Recorded data>
=====

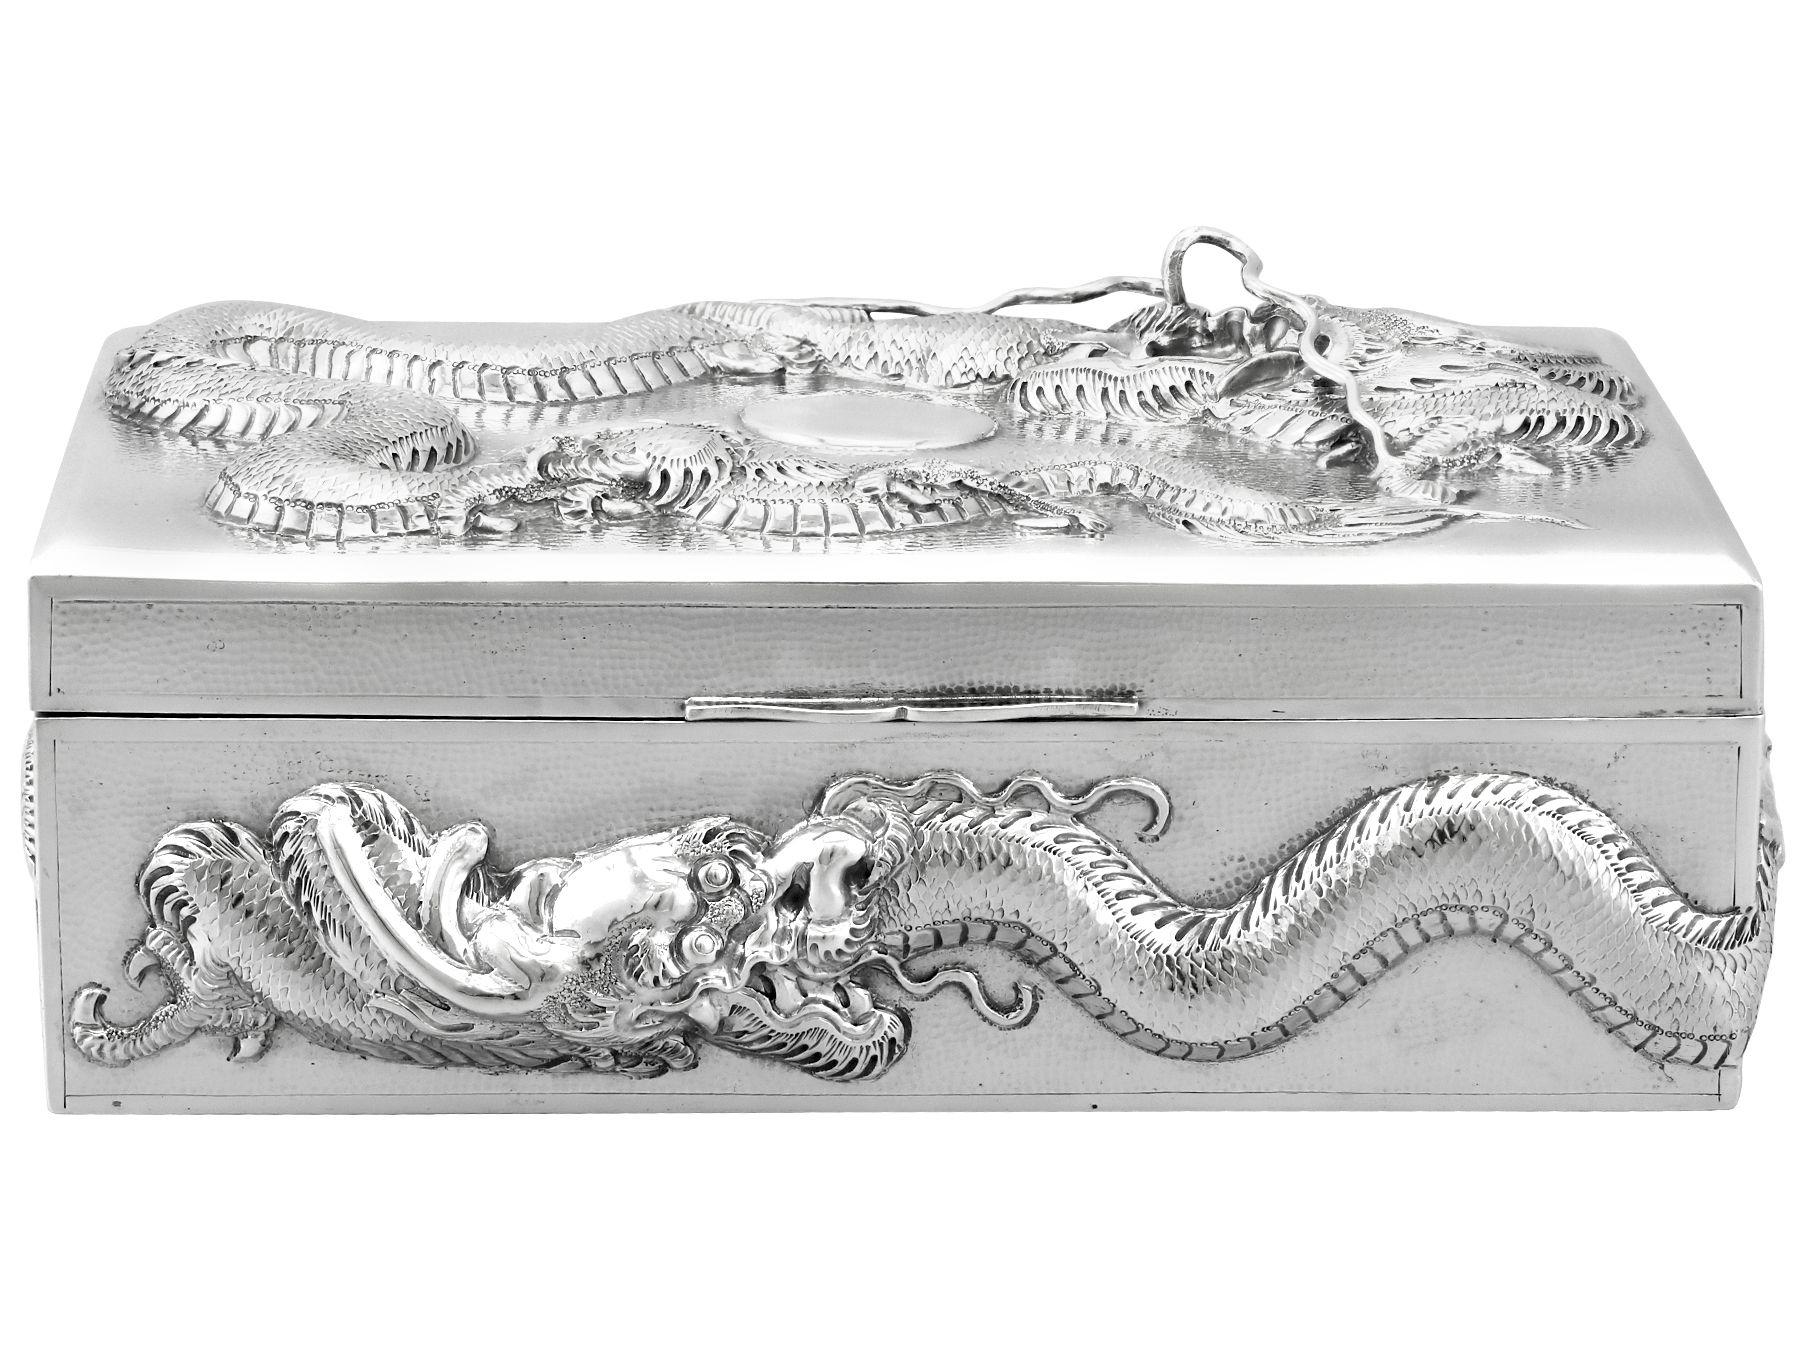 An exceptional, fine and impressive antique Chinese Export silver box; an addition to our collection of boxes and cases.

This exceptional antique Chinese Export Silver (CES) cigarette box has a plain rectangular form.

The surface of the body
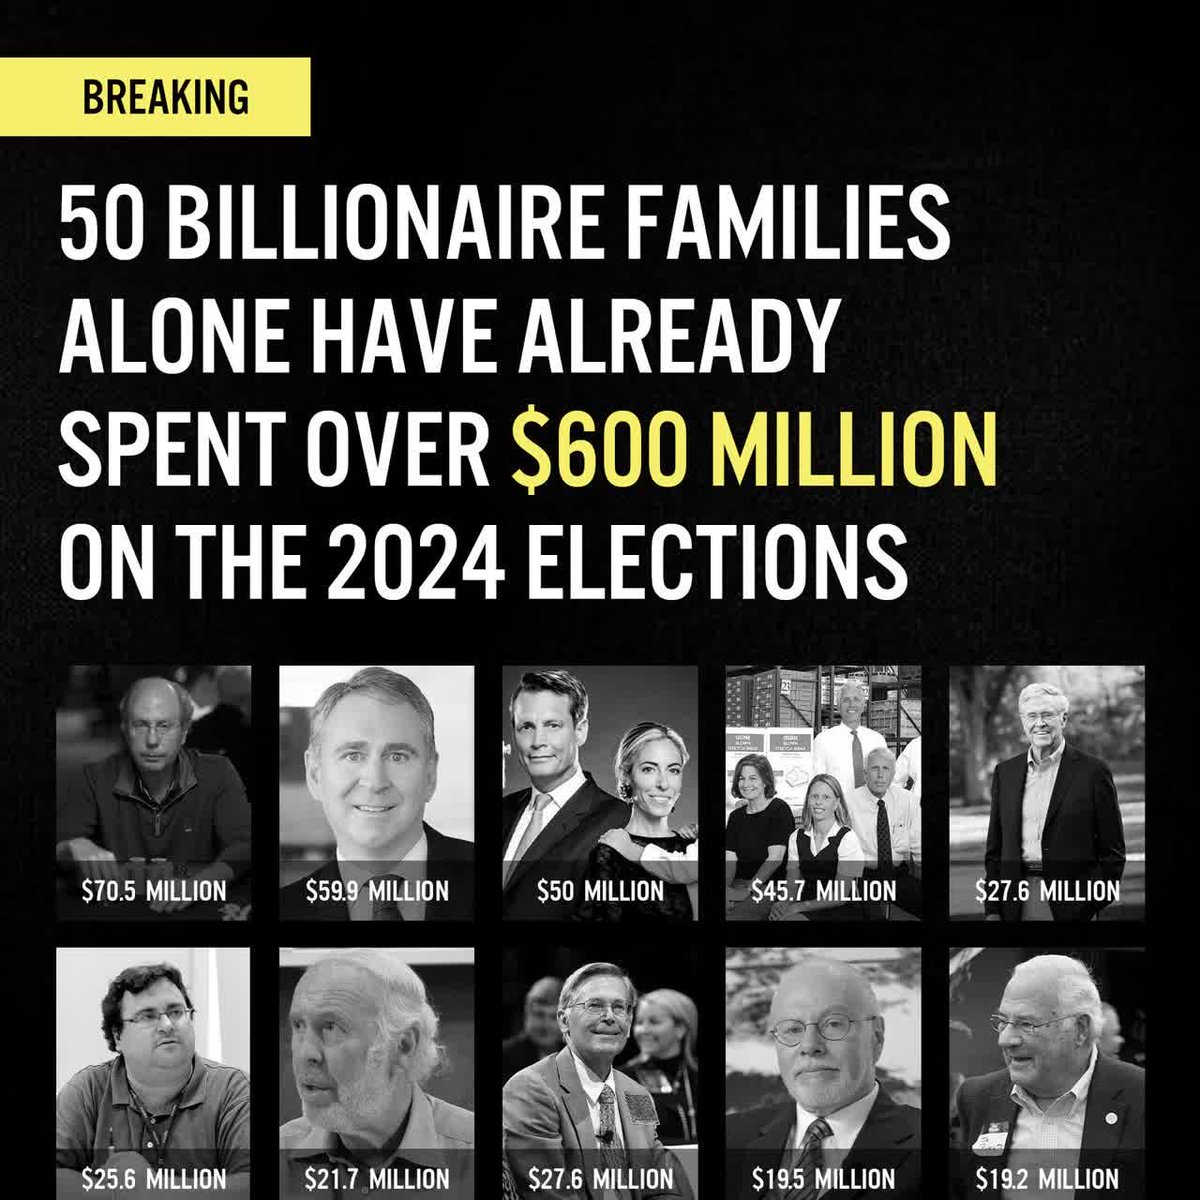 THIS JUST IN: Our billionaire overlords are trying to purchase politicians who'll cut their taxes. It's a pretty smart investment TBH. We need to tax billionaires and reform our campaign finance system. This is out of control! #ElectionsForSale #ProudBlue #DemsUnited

=====

Work task>
Beginning at the line above that contains "This exceptional antique", return each line exactly through the line that contains "The surface of the body", and no others.

Solution for this problem>
This exceptional antique Chinese Export Silver (CES) cigarette box has a plain rectangular form.

The surface of the body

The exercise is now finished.